Lithuanian parliament accuses China of committing genocide in Xinjiang, pushes for Tibet talk

Xinjiang’s prison camps as drawn by dissident artist Badiucao.

(, May21’21) – The parliament of the Baltic state of Lithuania has on May 20 described China’s treatment of its Uyghur minority as “genocide” while also calling for talks to resolve the Tibet issue.
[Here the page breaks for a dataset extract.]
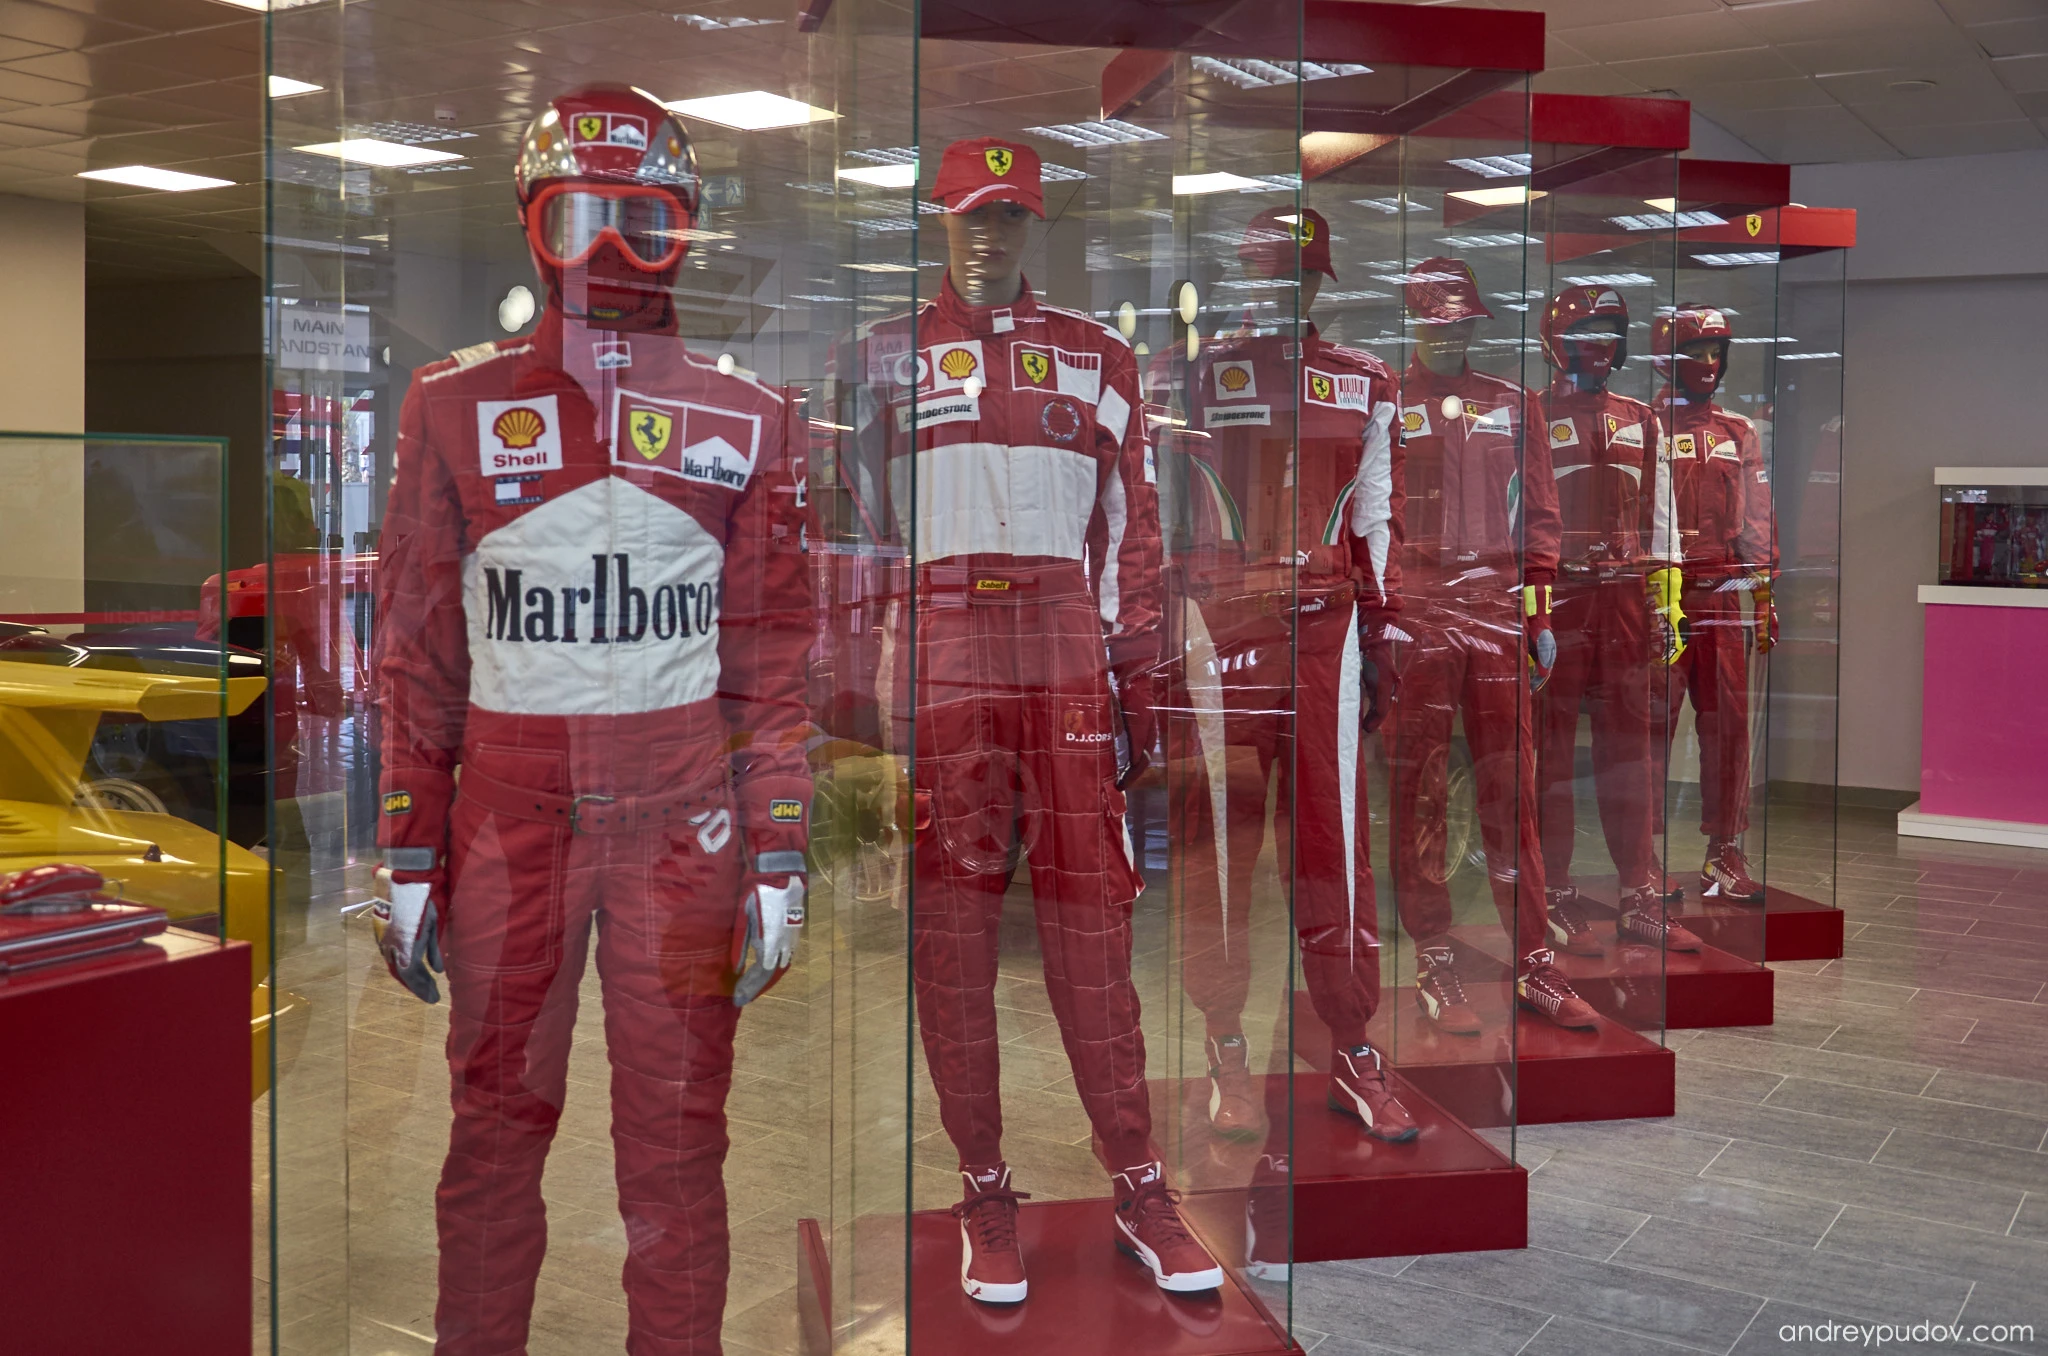 Scuderia Ferrari racing suits at Autosport Museum in the main tribune of Sochi Autodrom.

It has also voted to call for a UN investigation of the internment camps in Xinjiang and to ask the European Commission to review relations with Beijing.

The Lithuanian parliament is only the latest to call China’s persecution of the mostly Uyghur Muslims in Xinjiang “genocide.”
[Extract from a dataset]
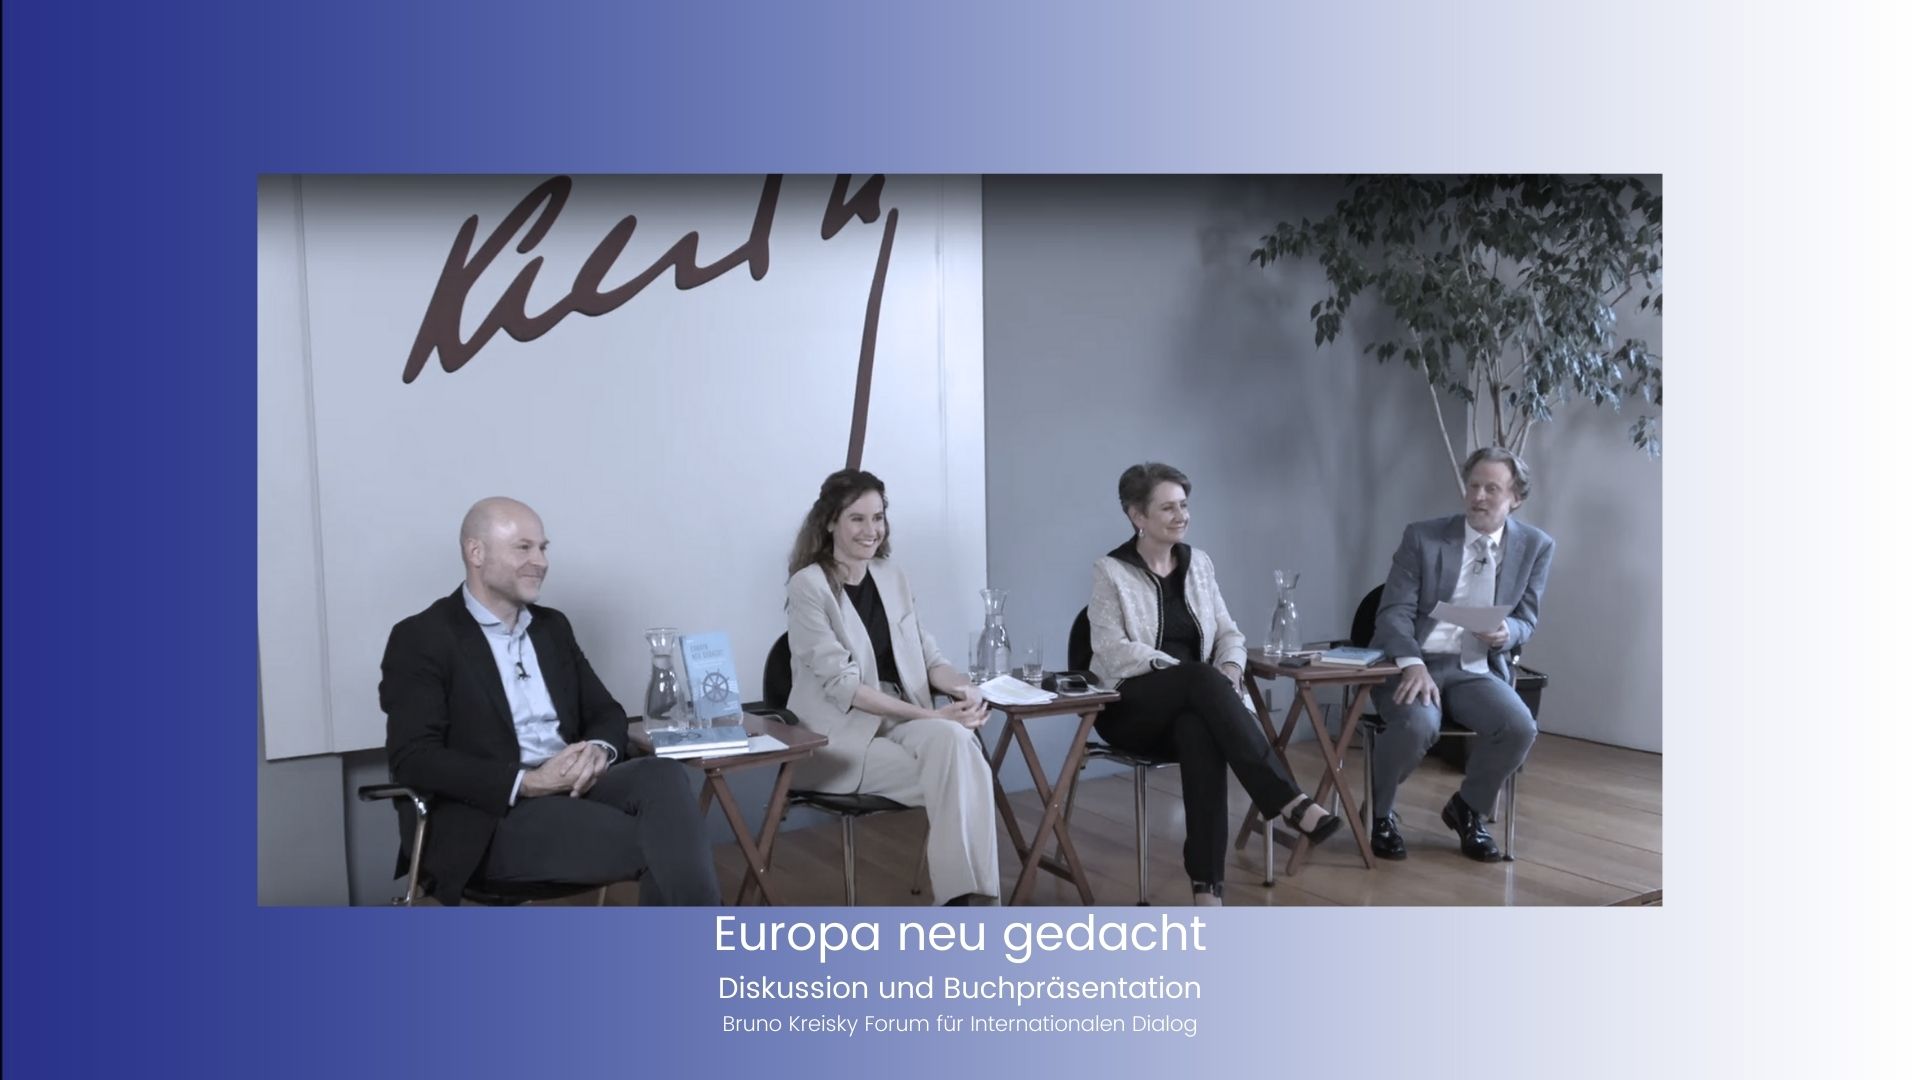 Thumbnail zur Buchpräsentation und Diskussion "Europa Neu gedacht" in Kooperation mit dem Bruno Kreisky Forum für Internationalen Dialog

Earlier, The Joe Biden administration in the United States used the term “genocide” to describe China’s actions towards the Uyghurs, as have the parliament of countries such as Britain and Canada.

Beijing denies abusing the minorities and has condemned countries for using the term.

The non-binding resolution, supported by three fifths of Lithuanian parliament members, also called on China to abolish a national security law in Hong Kong, and to let observers into Tibet and begin talks with its exiled spiritual leader, the Dalai Lama.

Neither Prime Minister Ingrida Simonyte nor Foreign Minister Gabrielius Landsbergis participated in the vote, despite being present in the parliament, reported the Reuters May 20. The same thing had happened in the UK and Canadian parliaments also.

“We support democracy, as we will never forget the cruel lesson of living under occupation by a Communist regime for 50 years”, Dovile Sakaliene, a lawmaker who has been blacklisted by China and who sponsored the resolution, has said.

The report cited rights groups, researchers, former residents and some Western lawmakers as saying authorities in Chinese ruled Xinjiang province had arbitrarily detained around a million Uyghurs and members of other primarily Muslim minorities in a network of camps since 2016.

It noted that Beijing initially denied the camps existed but had since claimed them to be vocational training centres designed to combat religious extremism.